The story is told from two points of view. We have Nahri’s POV, following her adventure with the djinn she accidentally summoned as she is immersed into this new world, and then we have Alizayd’s POV, the youngest son of Deavabad’s King. Ali is supposed to represent the inside perspective of those who have had the power for centuries. We learn how different his uprising and values are, but at the same time, we get to see him question those values and his own ancestry. A lot of times he finds himself caught between his loyalty to his family and King and what he believes is right and just. I think that his stark character development is one of the most well-done in this first book. Nothing seems rushed, and every decision that he makes is rooted in sound arguments. Now I wanna talk about my favorite character in this book, and that is Dara, the djinn warrior summoned by Nahri. While he is introduced to us as the typical brooding, cold and distant male companion, we begin to uncover layer after layer of his persona as the story progresses. His tragic backstory is one I was most impacted by, and I couldn’t help but feel for him and his cause of bringing justice to what once happened during that civil war. All of the characters in this book are morally grey; they’ve all done questionable things, things they’re not proud of, but given the circumstances, they made them nonetheless. That doesn’t excuse what they did, it only makes them much more interesting and complex.

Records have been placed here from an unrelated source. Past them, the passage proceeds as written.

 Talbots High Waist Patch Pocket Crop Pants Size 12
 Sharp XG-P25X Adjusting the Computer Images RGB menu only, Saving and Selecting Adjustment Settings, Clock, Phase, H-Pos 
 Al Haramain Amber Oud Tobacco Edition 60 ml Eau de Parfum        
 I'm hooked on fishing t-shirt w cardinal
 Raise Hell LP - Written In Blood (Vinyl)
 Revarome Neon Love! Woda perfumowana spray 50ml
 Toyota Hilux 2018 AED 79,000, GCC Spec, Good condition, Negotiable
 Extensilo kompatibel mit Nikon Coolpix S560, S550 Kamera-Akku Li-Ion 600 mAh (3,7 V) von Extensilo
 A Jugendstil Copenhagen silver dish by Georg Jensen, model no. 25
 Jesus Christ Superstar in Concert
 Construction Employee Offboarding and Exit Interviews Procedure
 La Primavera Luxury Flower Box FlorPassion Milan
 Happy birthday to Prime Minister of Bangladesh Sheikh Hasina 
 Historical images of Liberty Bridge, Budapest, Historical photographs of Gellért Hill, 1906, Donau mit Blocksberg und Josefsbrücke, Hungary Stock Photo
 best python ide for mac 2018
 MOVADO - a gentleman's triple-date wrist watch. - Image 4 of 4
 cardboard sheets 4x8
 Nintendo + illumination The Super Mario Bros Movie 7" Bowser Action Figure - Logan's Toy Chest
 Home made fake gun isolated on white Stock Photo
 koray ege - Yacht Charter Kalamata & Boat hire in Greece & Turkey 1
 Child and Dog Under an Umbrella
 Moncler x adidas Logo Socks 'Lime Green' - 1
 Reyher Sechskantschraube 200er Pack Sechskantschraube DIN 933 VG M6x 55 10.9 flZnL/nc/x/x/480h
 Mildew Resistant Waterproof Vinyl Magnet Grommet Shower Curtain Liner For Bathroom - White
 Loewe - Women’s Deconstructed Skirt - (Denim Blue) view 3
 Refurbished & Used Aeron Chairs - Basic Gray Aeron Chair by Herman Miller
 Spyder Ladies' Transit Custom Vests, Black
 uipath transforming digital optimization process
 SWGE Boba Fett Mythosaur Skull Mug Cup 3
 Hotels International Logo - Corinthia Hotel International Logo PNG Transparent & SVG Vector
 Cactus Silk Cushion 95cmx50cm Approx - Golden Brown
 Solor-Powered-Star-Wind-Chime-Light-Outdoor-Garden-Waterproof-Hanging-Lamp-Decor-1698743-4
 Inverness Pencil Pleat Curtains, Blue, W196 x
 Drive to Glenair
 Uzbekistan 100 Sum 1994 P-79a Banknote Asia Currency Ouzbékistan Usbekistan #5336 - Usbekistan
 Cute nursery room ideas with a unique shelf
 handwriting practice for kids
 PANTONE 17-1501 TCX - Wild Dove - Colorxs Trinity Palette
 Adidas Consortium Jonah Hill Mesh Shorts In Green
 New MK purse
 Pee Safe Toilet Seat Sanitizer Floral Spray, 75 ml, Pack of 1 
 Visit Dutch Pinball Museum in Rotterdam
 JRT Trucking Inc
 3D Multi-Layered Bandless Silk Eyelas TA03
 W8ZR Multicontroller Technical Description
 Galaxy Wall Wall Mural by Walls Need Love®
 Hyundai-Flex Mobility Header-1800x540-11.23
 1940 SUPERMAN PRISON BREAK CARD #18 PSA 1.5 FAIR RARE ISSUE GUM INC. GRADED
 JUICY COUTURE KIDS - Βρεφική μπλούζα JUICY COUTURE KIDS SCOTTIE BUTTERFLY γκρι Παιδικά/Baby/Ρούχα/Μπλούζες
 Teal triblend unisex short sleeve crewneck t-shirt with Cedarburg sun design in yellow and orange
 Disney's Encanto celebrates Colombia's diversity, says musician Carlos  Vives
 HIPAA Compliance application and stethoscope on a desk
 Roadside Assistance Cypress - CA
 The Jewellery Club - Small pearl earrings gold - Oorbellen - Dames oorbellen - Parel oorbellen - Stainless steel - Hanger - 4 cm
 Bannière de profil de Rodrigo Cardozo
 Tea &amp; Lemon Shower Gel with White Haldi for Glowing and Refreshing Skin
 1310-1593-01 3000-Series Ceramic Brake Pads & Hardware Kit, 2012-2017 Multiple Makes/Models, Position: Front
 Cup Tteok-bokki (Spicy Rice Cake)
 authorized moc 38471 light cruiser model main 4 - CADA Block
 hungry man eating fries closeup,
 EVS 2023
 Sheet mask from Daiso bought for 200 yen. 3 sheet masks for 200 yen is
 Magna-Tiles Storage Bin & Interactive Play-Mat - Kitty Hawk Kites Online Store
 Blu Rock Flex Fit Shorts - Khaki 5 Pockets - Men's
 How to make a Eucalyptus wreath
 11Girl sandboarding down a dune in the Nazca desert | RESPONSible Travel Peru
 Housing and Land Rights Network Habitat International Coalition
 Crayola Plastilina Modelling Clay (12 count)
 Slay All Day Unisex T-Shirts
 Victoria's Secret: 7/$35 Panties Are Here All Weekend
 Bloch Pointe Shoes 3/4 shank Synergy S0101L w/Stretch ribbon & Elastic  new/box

Let me get back to the world-building because there is a lot I have to say about it. S.A. Chakraborty obviously based her story on XVIII C Egypt, but she also included Islamic folklore and mythology, which are the main focus of this novel. Creatures like Djinn, Marid and Ifrit are real and have existed in this magical place called Deavabad, sometimes crossing onto the human world, something they have always been forbidden from doing. The richly descriptive scenes of Deavabad and the atmospheric writing take you on a journey to a world full of magic and wonders where anything seems possible. But one crucial element of the world-building plays a major role in the development of the story: the different racial groups. The story focuses on different cultures and races, and the quarrels between them. It is through their eyes we get to learn about the history of the place and the world they live in.

The City of Brass also does wonders at discussing the idea that history is only what the conquerors say it happened, instead of what might actually have happened. I sometimes wonder if our human history were to be written by those who didn’t ‘win the battles’, what would we learn? How much of what we know to be history might have never happened in the way we were taught it did? This book made me question all of that. Every group, every race in this novel has a different side of the story of what happened those hundreds of years ago when the civil war occurred, and we get to learn from them these different points of view. That is also what makes this book so rich; we can never settle for only one side of the story, and because we are exposed to so many different sides, we find ourselves lost as to who to root for. Everyone has a point, yet everyone has committed horrible and questionable acts. And that makes this book REALISTIC. People are complex, groups of people, even more so, and it would be a mistake to present them as anything other than that. The discussions of the consequences that civil war brings about to the people involved in it, especially minority groups who see their lives affected, in the majority of the cases negatively, are also one of the issues this book tackles. The loss of rights, the unequal and unjust treatment of the conquerors towards the conquered, and their constant oppression and subjugation constantly made me think of how it mirrors our own world’s history.

‘The City of Brass met all the expectations I could have had and more. It’s a rich and diverse story of survival in the face of tyranny and oppression, and of questioning values and morals when injustices are being done. With multi-layered characters that mirrors the best and worst of humanity, The City of Brass takes you on a journey to a magical and folklore-ridden universe you do not want to miss out on’

The City of Brass comes out November 14th of 2017, and The Kingdom of Copper, its sequel, is set to be published in 2018.